There was no timber shortage then. Forests fell and precious kauri was cheap for any purpose as men slaved to build a better place for them and their families.
Another pair is deep scratched. Some from wooden decks, some from plates of patterned steel, the coal fired engine room floors that throbbed at top speed up the Gulf.
 
Above deck merry rounds of day excursionists are togged in Sunday best, even freshly scrubbed for this their grand outing to Kawau.
 
Smoke billows astern - the ship wants the best berth and how long will the unruly stomachs of land folk stand exposed to the swing of the sea? The engine telegraph rings and she steams full speed ahead.
Fire on my lad we will outpace the competition. Here are more with a stirrup scratch from the mounted band tromboning bravely along the quay amidst admiring crowds, leading in procession and veering around the horse drawn trams of our Queen city.
 
Or maybe it is a scar from night watch in the heaving mid Atlantic gale amid U boats. No seasickness permitted here for trouble looms should an engine fail.
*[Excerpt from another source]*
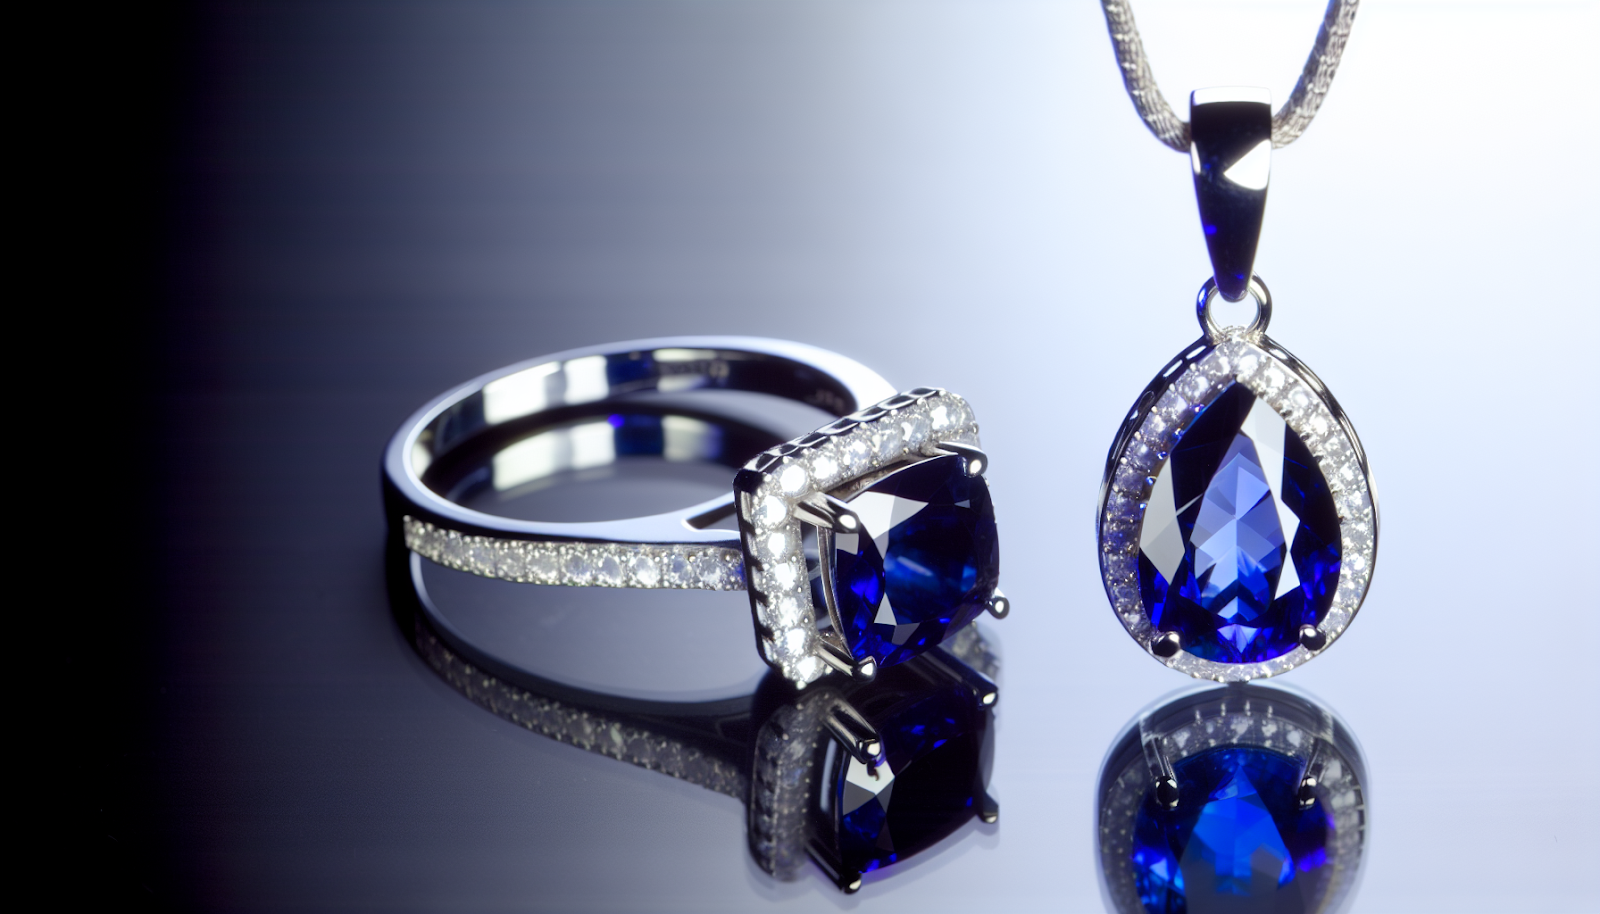 Exquisite sapphire ring and pendant

And now the pride of the set, this pair in brilliant black, the keen nuggetty shine which walked in wedding time to proud and measured march up the aisle to the waiting beauty an independent minded high spirited bride.
 
See the fresh pressed suit and button hole and radiant smiles that unwittingly cover unresolved views and bunker a conflagration for later days.
 
But for the now there is peace and joy and happiness overwhelms.
 
 And hard by the next are threadbare, worn. Is this pair that strode to the Bank outwardly confident and business-like, that had such clear vision of what might be.
 
House documents are in hand. They will be put on the line, mortgaged to buy a scow to run coastwise. It is depression time when to have one coin is a fortune, two is untold wealth. Soon these boots will stand continuous days and nights working on stopped engines.
 
Disaster, total financial diaster is imminent. Then at the darkest hour, the midnight of gloom, a sooty chortle of diesel shatters the quiet and all is saved, the house is saved.
 
Then years pass to wartime and bring cargoes of sand for glass; a post war boom and an economy shining with unexpected brilliance and newly shone the boots then march into the board room chair and at Lodge they look up to their new Grand Master.
 
But a softer set lie alongside. These are the ones the elderly, the widows saw as they received this and that for their table, that various in dire straights saw, that offered help, hospitality to the desperate and saw such things that few knew and fewer spoke.
 
And a change further on. Here lie the heavy and serviceable, battle scarred from many a night encounter.
 
Even now they jump to the fire siren and instantly expect the warmth of sleepy feet. Their service started long ago when fire water had to be pumped from the nearest stream with a recalcitrant steam pump.
 
The engineer alone could make it work and thenceforth this volunteer service had a new recruit. Later the steam pumps were obviated by proper water supplies, fire engines became reliable in bright painted red, but the service was dedicated and ultimately Deputy Chief was written with pride about those boots. But now the shelf recurves to the wall, one last pair sit unworn.
 
A flower adorns, a tribute of the crowds whose praise noised around. It lasted a while and then quieted in the hum of new life. Who now remembers this row of old boots on an unknown shelf?
Tomorrow we'll give them to the Sallies.